A must-read article on the appeal of Obama with the Marxism-is-good crowd, those still dreaming of a socialist America, has been written by Kyle-Anne Shiver for National Review Online. She skillfully pulls it all together for the reader. I found myself nodding in agreement and appreciative for the voice she presents that represents a great many of us of a certain age. She aptly says we've been there, done that, grew up and the old Marxists hate us for it. They support Obama because they view him as their last shot at taking over.

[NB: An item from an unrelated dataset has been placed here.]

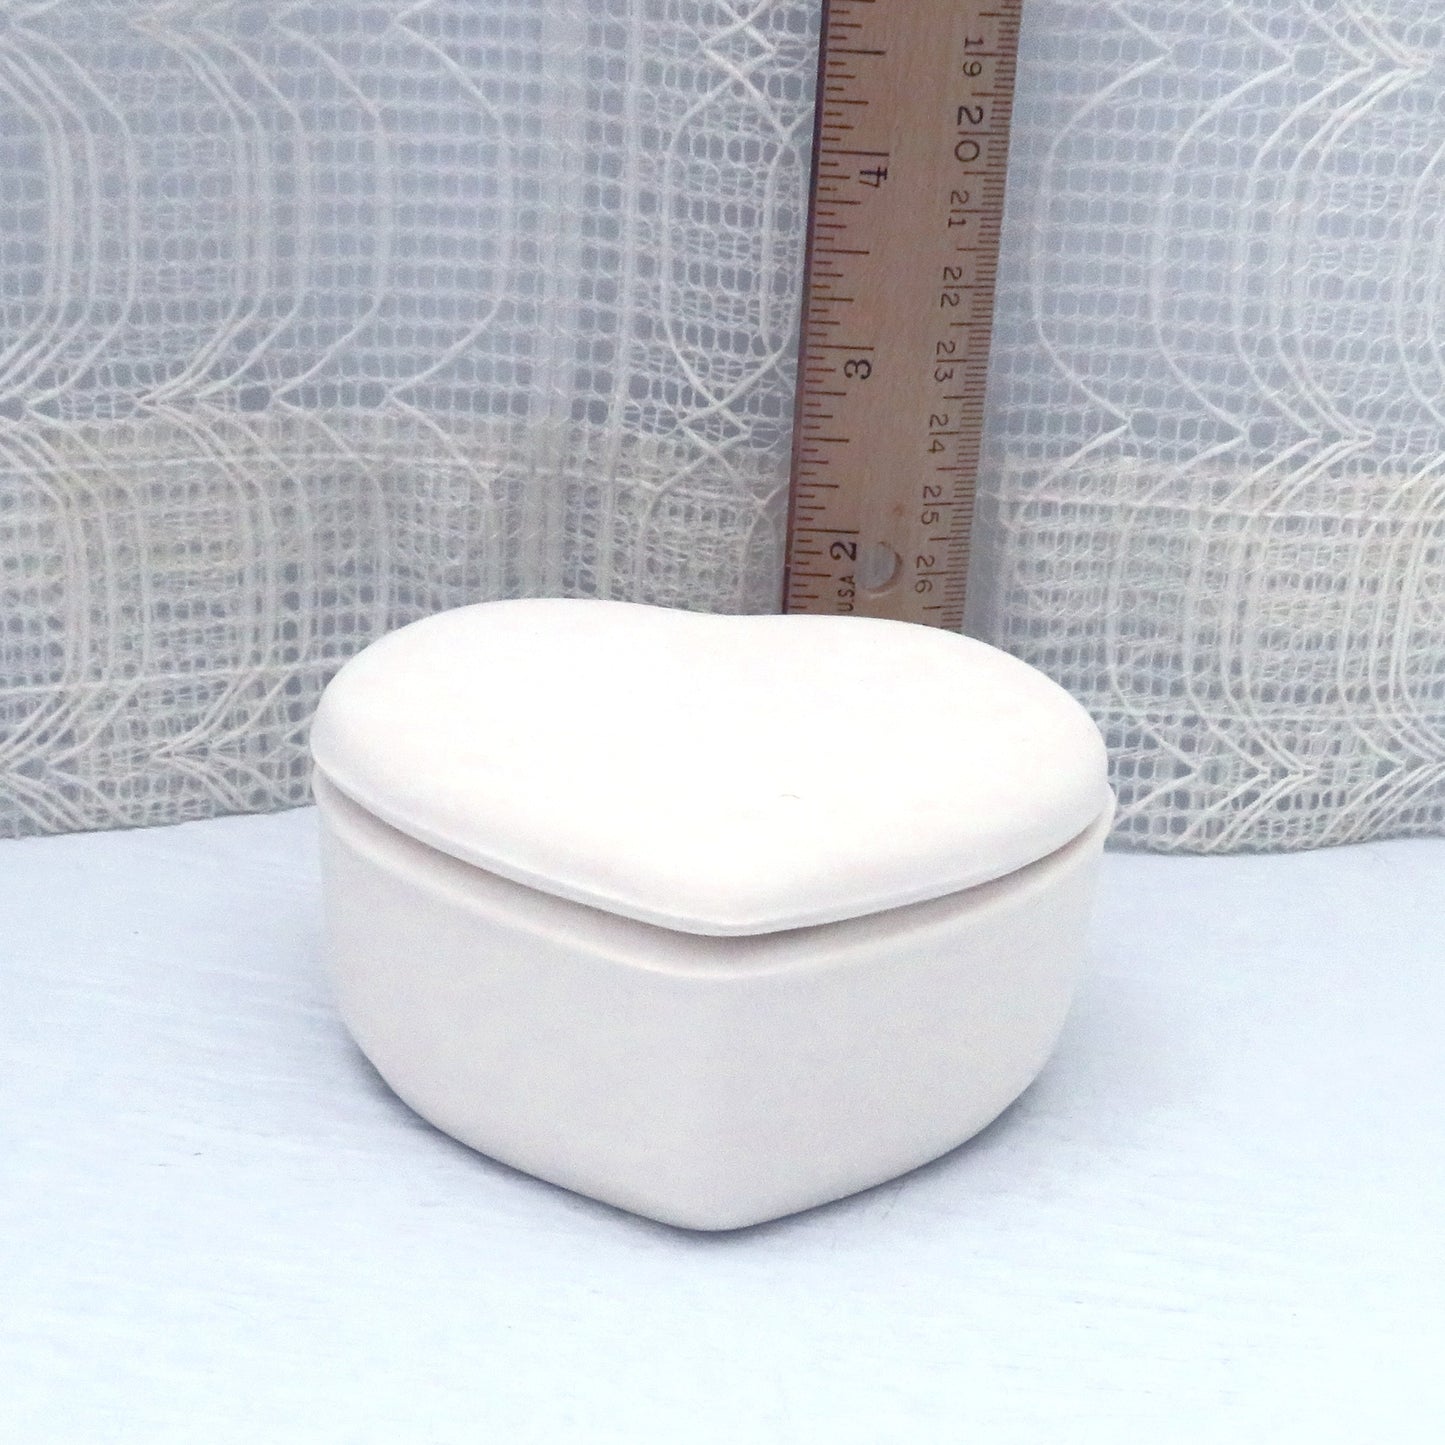 Handmade Ready to Paint Ceramic Heart Trinket Dish with Lid / Ceramic Jewelry Dish to Paint / Do It Yourself Ceramic Lidded Heart Box
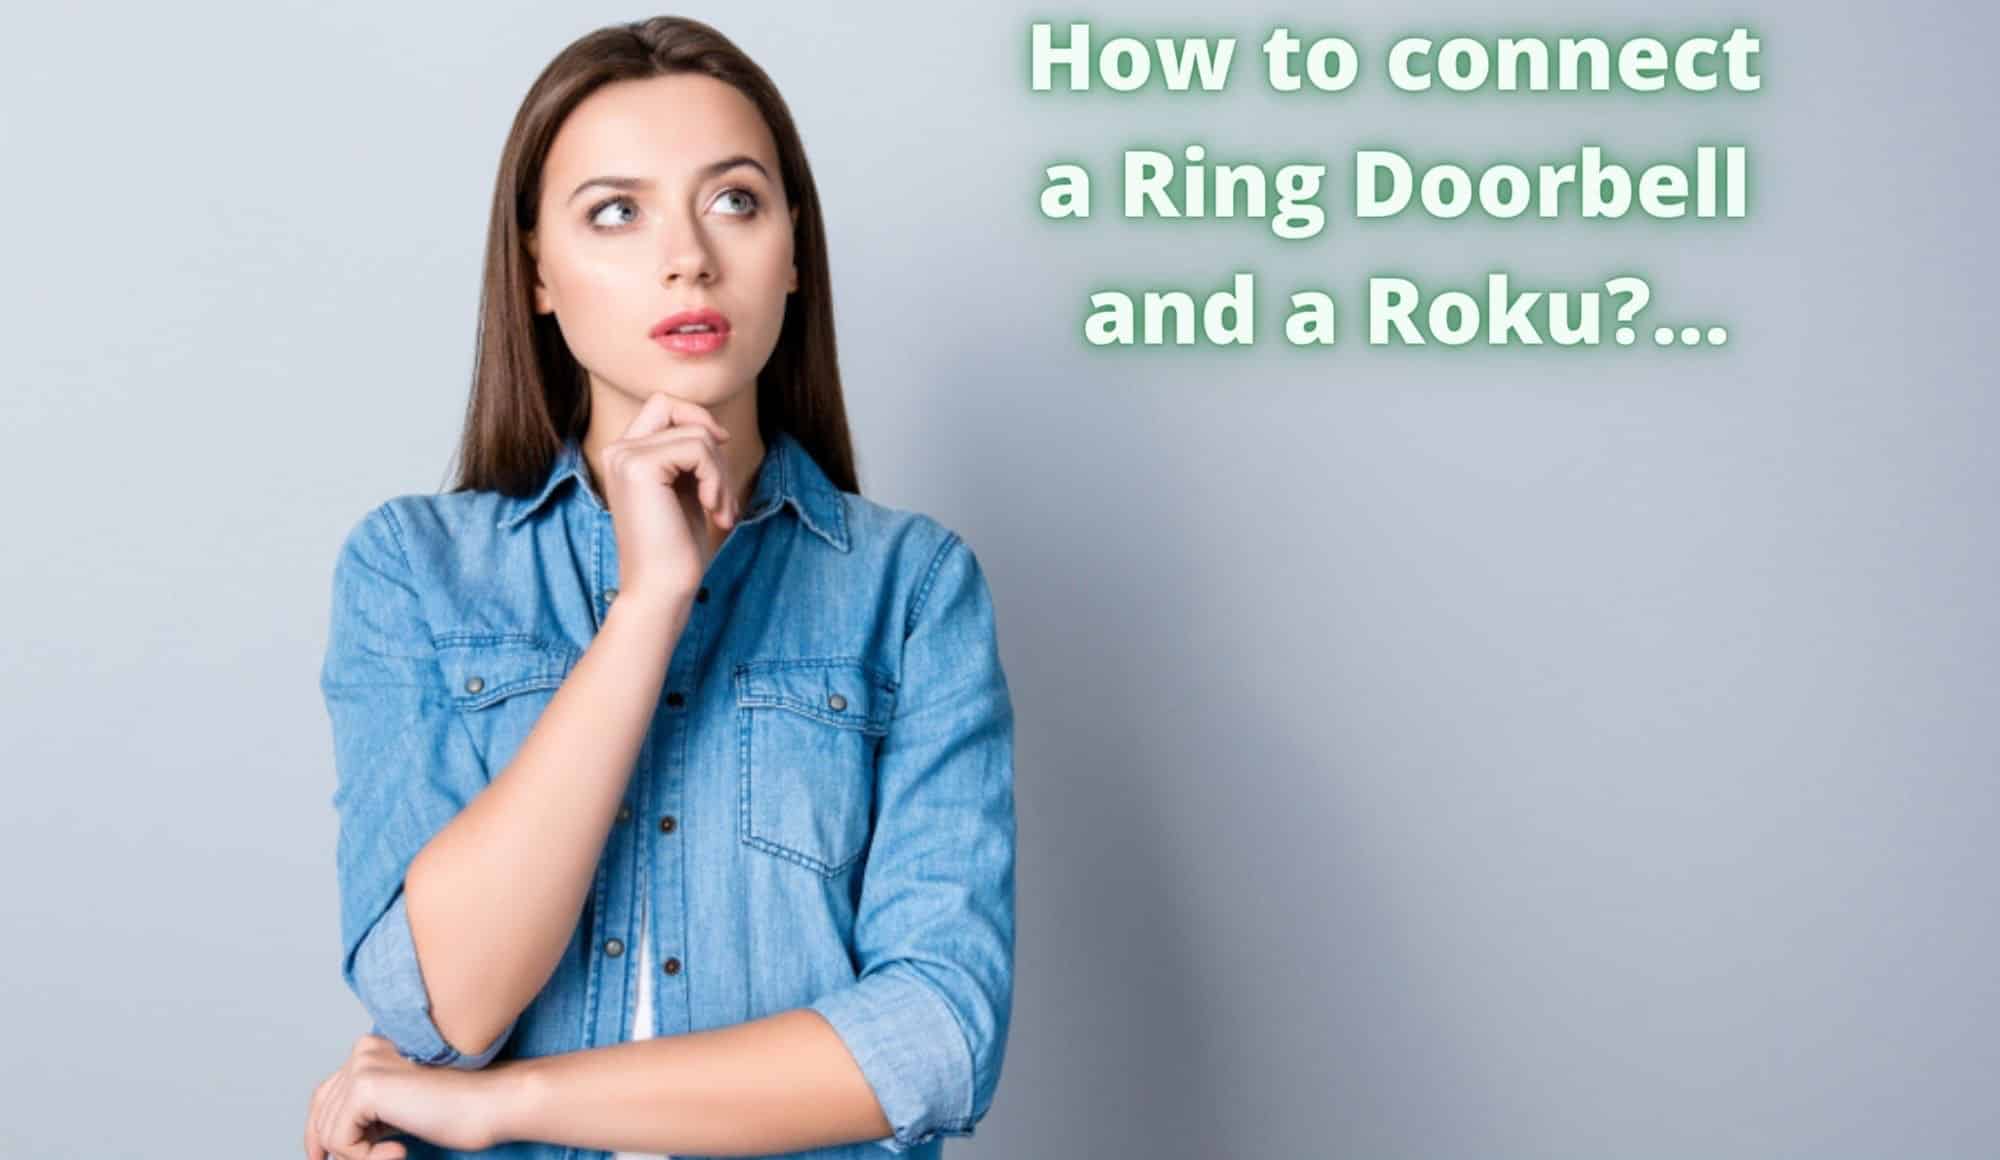 How to connect a Ring Doorbell and a Roku

I listened to a really interesting panel on C-SPAN over the weekend on their Book TV programming. From the U.S. Army Command and General Staff College in Fort Leavenworth, Kansas, a panel of authors gathered to speak to an auditorium filled with Army staff and military men about the books they each recently wrote. The subjects were varied but the connecting thread was the need for a larger, professional military. A military that encourages its ranks to make the commitment a career. This was particularly timely as it was Memorial Day weekend and the GI benefits legislation had been bantered about in the Senate last week.
This being an election year, and Senator Jim Webb, (D-VA), a Vietnam veteran with a son in the Marines (like McCain) and grand visions of furthering his political capital by playing to his strength, was chosen to push through a bill of extending benefits for veterans. No problem with that, I personally feel we can't give them enough, but the process would have been honest if the competing bill had not been blocked by Harry Reid, Majority Leader, and not allowed to be voted on. Why? Because McCain was a sponsor of the legislation. The Graham-Burr-McCain was not given a vote on the floor. The Democrats, who promised 'bi-partisanship' and allowing opposition votes once they took over in 2007, lied again. Just like their candidate currently ahead in the Democrat nomination process. He has no history of bi-partisanship either, though he promises it on the stump.
The biggest perk to the Graham-Burr-McCain bill was the ability for the veteran to transfer educational benefits to a spouse or child. As candidate Obama was pandering to an audience with veterans included, on Memorial Day weekend, he said Saturday in Puerto Rico, "I don't understand why John McCain would side with George Bush and oppose our plan to make college more affordable for our veterans. George Bush and John McCain may think our plan is too generous. I could not disagree more." The Democrat talking points are to link Bush and McCain in as many sentences as possible and to do the meany Republican thing. How original for the candidate of change.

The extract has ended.